Episodes of infection scored by the treating medical personnel according to the primary endpoint are the main secondary outcome. In the routine care of kidney transplant recipients, the diagnosis and treatment of infection and graft rejection sometimes do not follow current guidelines. However, such assessments might outperform guideline-directed management in some cases. Thus, this endpoint might reflect the true rate of clinically significant infection and graft loss more accurately. However, due to the fact that investigators are not blinded towards the treatment allocation, this endpoint has a risk of assessment bias and cannot be used as primary endpoint.

Infectious disease workup will be performed according to local standards. However, the investigators are asked to perform a standardised workup. For the expected main infectious events, the following parameters are of special interest: (a) for urinary tract infections, results on urinary dip stick and cultures and imaging; (b) for respiratory infections, results on imaging, microbiological and virologic workup including light microscopy, cultures, cytokine release assays, antigen tests and PCRs from blood, urine and respiratory material, albumin, respiratory rate, heart rate, peripheral oxygen saturation, arterial Ph and neurological status; (c) for diarrhoea, results on imaging and microbiological and virologic workup including cultures, antigen tests and PCRs; (d) for polyma virus infection, results on blood and urine PCR, decoy cells and kidney graft biopsy results and (e) for CMV infection differential blood count, liver enzymes (to differentiate CMV viremia from CMV syndrome), results on imaging and PCRs from liquor, urine, blood, stole and respiratory material.

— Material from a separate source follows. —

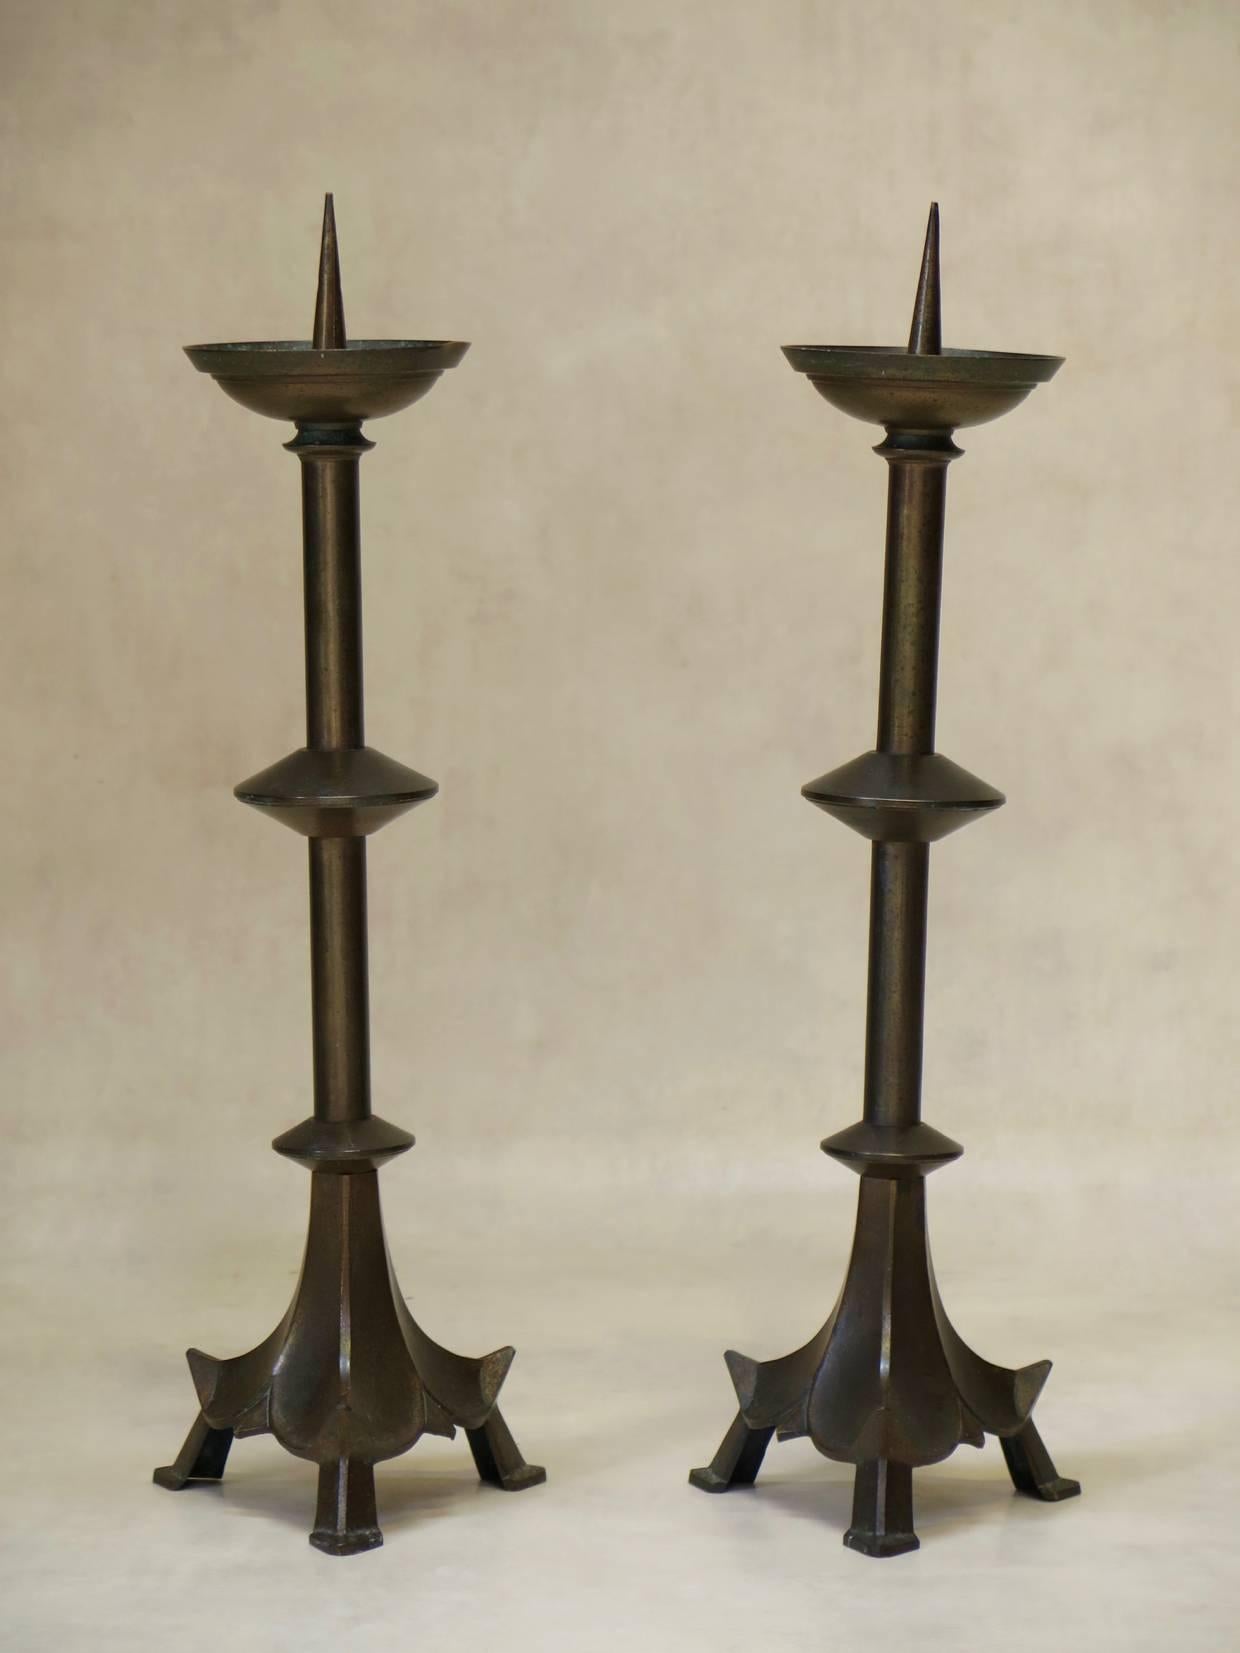 Pair of brass candlesticks of elegant design, raised on tripod bases.

Tacrolimus dosing in the active group

If TTV is not within the optimal range, the TAC trough level target has to be adapted by one step up or down compared to the current TAC trough level. If TTV is below the optimal TTV range, the TAC trough level target has to be increased by one step compared to the current TAC trough level, and if TTV is above the optimal TTV range, the TAC trough level target has to be decreased by one step compared to the current TAC trough level. One TAC trough level adaption step is defined as 2 ng/mL (investigators are allowed to target a range of ±1 ng/mL; thus one step might be within a minimum of 1 ng/mL and a maximum of 3 ng/mL).

Dosing example

The patient has a current TAC trough level of 7.2 ng/mL. The TAC dose has to be adapted to target 5.2 ng/mL TAC trough level (= 4.2 to 6.2 ng/mL range) if the current TTV load is above the optimal range limit of 6.2 log10 TTV c/mL and adapted to 9.2 ng/mL TAC trough level (=8.2 to 10.2 ng/mL range) if the current TTV load is below the optimal range limit of 4.6 log10 TTV c/ml, respectively.

Additional rules

All changes in TAC dose (including all non-study visits) must be performed according to the study protocol and the current TAC trough level target. TAC adaptions have to be made within 48 h after the receipt of the TTV load. The lowest TAC trough level target is 3.5 ng/mL, and the highest is 10 ng/mL. The treating physician can request additional TAC trough levels at any time (also on non-study visits) but TTV load will only be assessed and TAC trough level target changes only performed at the study visits. If non-adherence is suspected, no increase in TAC trough level target will be performed: e.g. a failure of TAC intake more than once per week on average for b.d. and once every 2 weeks on average for o.d. formulation detected by the patient diary. In this case, the patient should be educated about medical adherence (e.g. psychological counseling) and the target TAC trough level will not be changed according to TTV load until the next study visit.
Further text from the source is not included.